"Therefore we ought to give the more earnest heed to the things which we have heard, lest at any time we should let them slip." - Hebrews 2:1
Part of what it takes to making significant changes in our lives is putting into practice what we know. James said it this way: "But be ye doers of the word and not hearers only, deceiving your own selves" (James 1:22). That is a very interesting statement, the fact that a believer can deceive himself! The Greek word for "deceive" simply means to wrongfully reason or to reason amiss. In other words, things can become muddled in our mind concerning where we stand in our daily application of the Word. We oftentimes fall into the trap of assuming that just believing is acting when that is not necessarily true at all.
Think about the Laodiceans. Jesus addressed their own delusion when he said, "Because thou sayest, I am rich, and increased with goods, and have need of nothing; and knowest not that thou art wretched, and miserable, and poor, and blind, and naked" (Rev. 3:17). That's a pretty serious indictment! How could they not see their own condition? What kept them from being able to rightfully discern what Jesus so easily identified?
These are the kind of concerns that should shake every one of us to our very core! We have to become more mindful of how we walk out our experience with God. Paul told the church of Corinth: "Examine yourselves, whether ye be in the faith; prove your own selves. Know ye not your own selves how that Jesus Christ is in you, except ye be reprobates?" (2 Cor. 13:5). One definition for the word "reprobate" is not proving one's self to be as he ought to be. We ought to be what we have been made to be in Christ. To assure ourselves that we are not running in vain or laboring in vain we must make it a practice of proving ourselves. That means we become determined to hold ourselves to the fire. We don't take things for granted. We don't relax our faith. We don't assume that the sacred things we have been entrusted with are just going to automatically appear as if our Christian life is self-sustaining and we don't have any responsibility toward keeping ourselves fit in the Lord. Paul told the Church of Philippi, "Work out your own salvation with fear and trembling..." (Phil 2:12). That sounds to me like we owe it to ourselves to maintain our due diligence!
If we want to experience the greater blessings in life then we must demand more of ourselves. That means we have to learn how to raise the bar. We have to know down deep inside that the greater things in life are sought out by faith. I think this is why Paul makes it so clear in defining his own pursuit when he said: "Forgetting those things which are behind, and reaching forth unto those things which are before, I press toward the mark for the prize of the high calling of God in Christ Jesus" (Phil. 3:13, 14).

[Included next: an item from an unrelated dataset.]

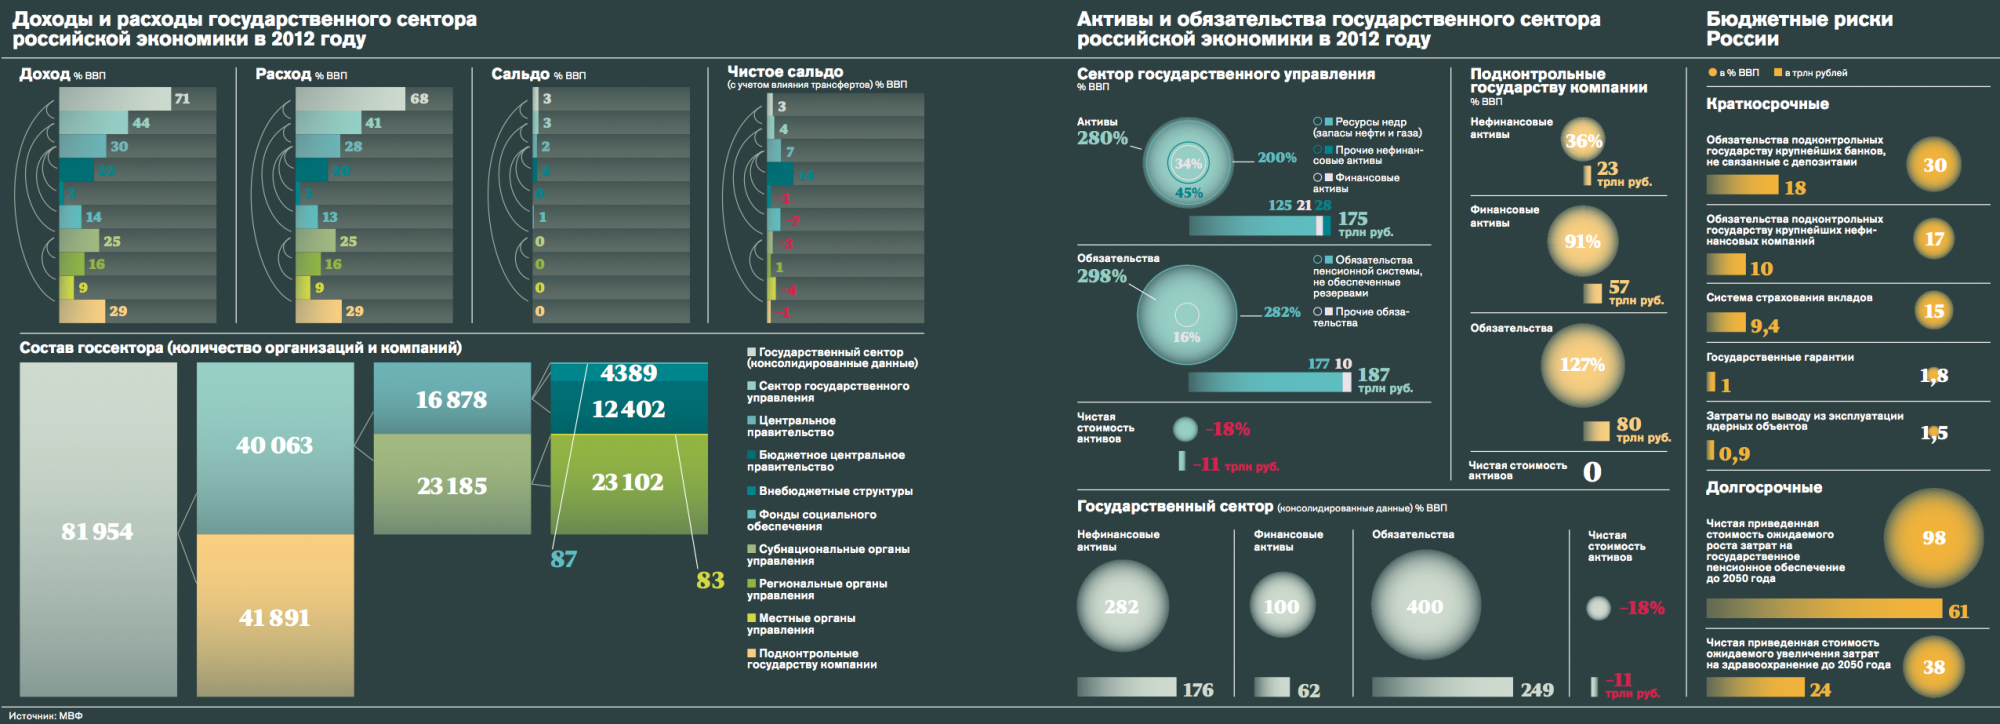 Экономика 2012 года. Нефтегазовые доходы в ВВП России.

If there is any one thing that I know has contributed to my maintaining the kind of press that Paul is describing here it is the fact that one day I know that I will have to give an account of what was deposited in me. The parable of the Talents somehow always seems to ring in my ear: "What have I done with what I was given?"
Part of learning how to stir up the gift of God depends upon our own spiritual hunger. How desperate are we to walk in the fullness of the blessing of the gospel? What separates a nominal life from extraordinary living? Smith Wigglesworth was once quoted as saying: "I'm only satisfied with the dissatisfaction that has to be satisfied over and over again." A healthy appetite for the things of God means we hold ourselves to a higher standard than the average person. We learn how to demand more of ourselves, because we never want to become slack in our pursuit of excellence!
If you find yourself getting complacent it may just be your spiritual hunger isn't up to what it should be. Take some time today to prove yourself! And when you do, go ahead and decide no matter what the cost you are going to raise the bar.